Participants : Julyan Arbel, Marta Crispino, Stéphane Girard.

We study in [58] a broad class of asymmetric copulas known as Liebscher copulas and defined as a combination of multiple—usually symmetric—copulas.
The main thrust of this work is to provide new theoretical properties including exact tail dependence expressions and stability properties.
A subclass of Liebscher copulas obtained by combining Fréchet copulas is studied in more details.
We establish further dependence properties for copulas of this class and show that they are characterized by an arbitrary number of singular components.
Furthermore, we introduce a novel iterative construction for general Liebscher copulas which *de facto* insures uniform margins, thus relaxing a constraint of Liebscher's original construction.
Besides, we show that this iterative construction proves useful for inference by developing an Approximate Bayesian computation sampling scheme.
This inferential procedure is demonstrated on simulated data.

In [22], we investigate the properties of a new transformation of copulas based on the co-copula and an univariate function. It is shown that several families in the copula literature can be interpreted as particular outputs of this transformation. Symmetry, association, ordering and dependence properties of the resulting copula are established.

#### Bayesian nonparametric clustering

Participant : Julyan Arbel.

**Joint work with**: Riccardo Corradin from Milano Bicocca, Michal Lewandowski from Bocconi University, Milan, Italy, Caroline Lawless from Université Paris-Dauphine, France.

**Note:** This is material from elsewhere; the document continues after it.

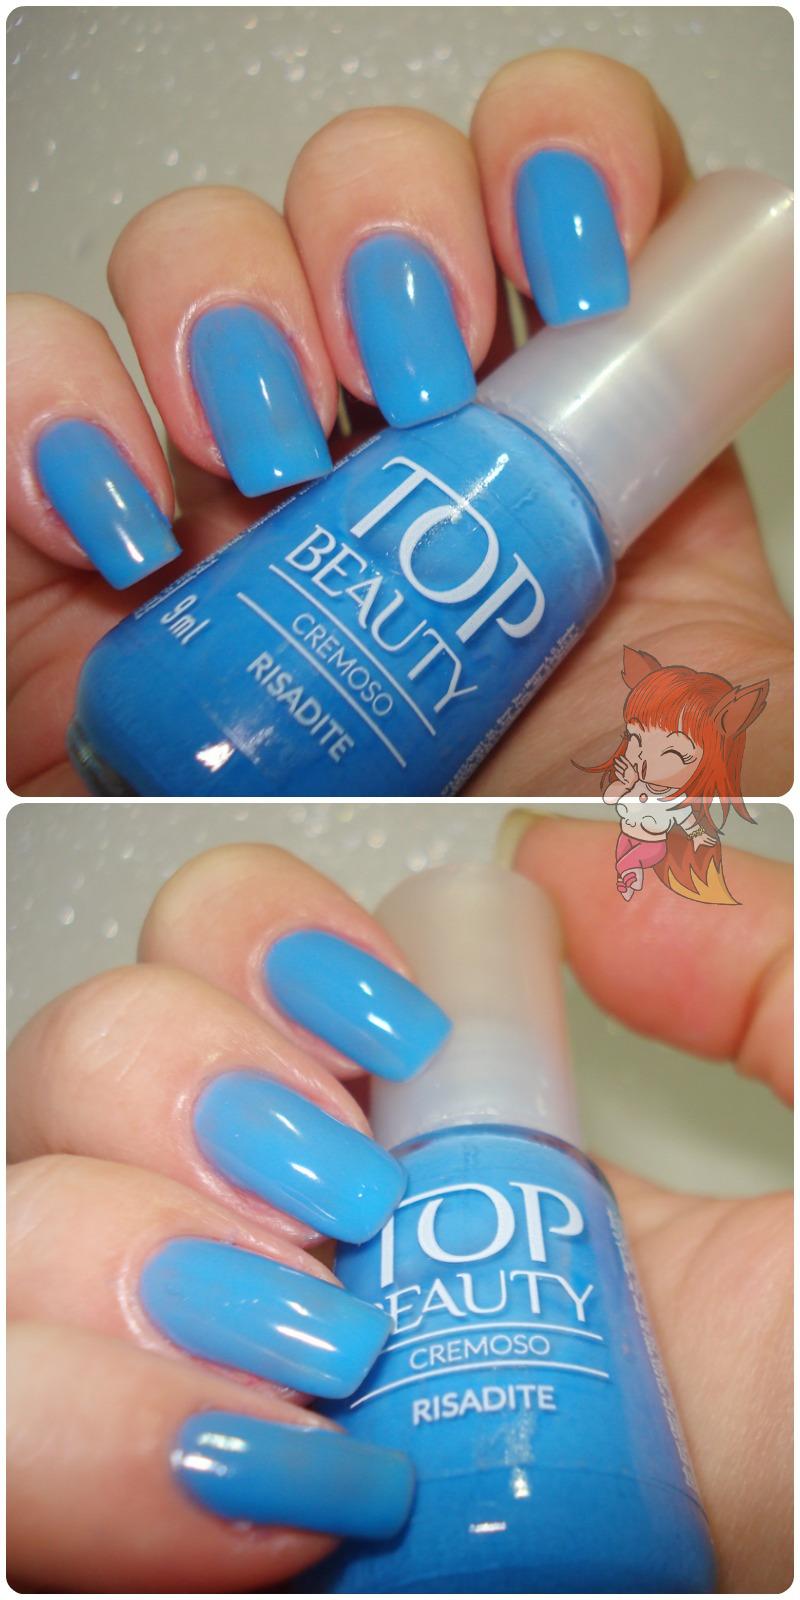 Esmalte Risadite :: Top Beauty - Novembro Azul - Resenha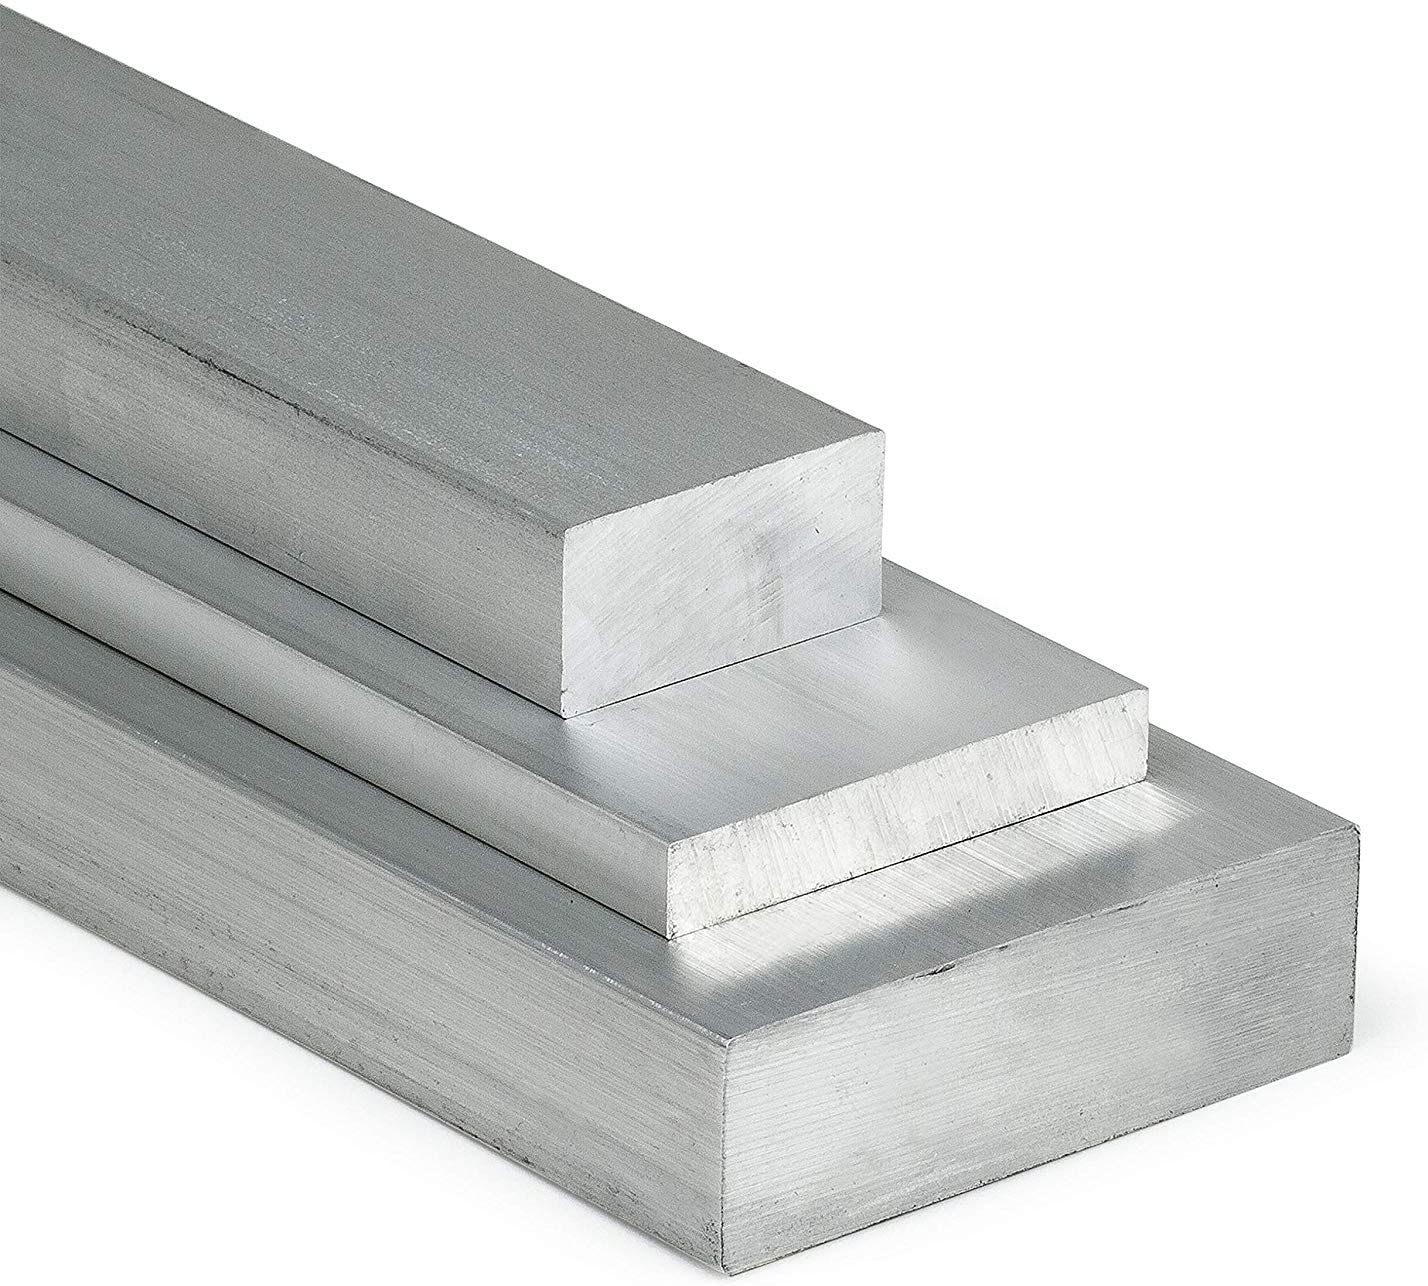 3.3206 Flat Bar Aluminium Profile 15 x 10 mm 100 x 15 mm Flat Material AlMgSi0.5 Flat Iron

For a long time, the Dirichlet process has been the gold standard discrete random measure in Bayesian nonparametrics. The Pitman–Yor process provides a simple and mathematically tractable generalization, allowing for a very flexible control of the clustering behaviour. Two commonly used representations of the Pitman–Yor process are the stick-breaking process and the Chinese restaurant process. The former is a constructive representation of the process which turns out very handy for practical implementation, while the latter describes the partition distribution induced. Obtaining one from the other is usually done indirectly with use of measure theory. In contrast, we propose in [66] an elementary proof of Pitman–Yor's Chinese Restaurant process from its stick-breaking representation.

In the discussion paper [56], we propose a simulation study to emphasise the difference between Variation of Information and Binder's loss functions in terms of number of clusters estimated by means of the use of the Markov chain Monte Carlo output only and a “greedy” method.

The chapter [47] is part of a book edited by Stéphane Girard and Julyan Arbel. It presents a Bayesian nonparametric approach to clustering, which is particularly relevant when the number of components in the clustering is unknown. The approach is illustrated with the Milky Way's globulars, that are clouds of stars orbiting in our galaxy. Clustering globulars is key for better understanding the Milky Way's history. We define the Dirichlet process and illustrate some alternative definitions such as the Chinese restaurant process, the Pólya Urn, the Ewens sampling formula, the stick-breaking representation through some simple *R* code. The Dirichlet process mixture model is presented, as well as the *R* package *BNPmix* implementing Markov chain Monte Carlo sampling. Inference for the clustering is done with the variation of information loss function.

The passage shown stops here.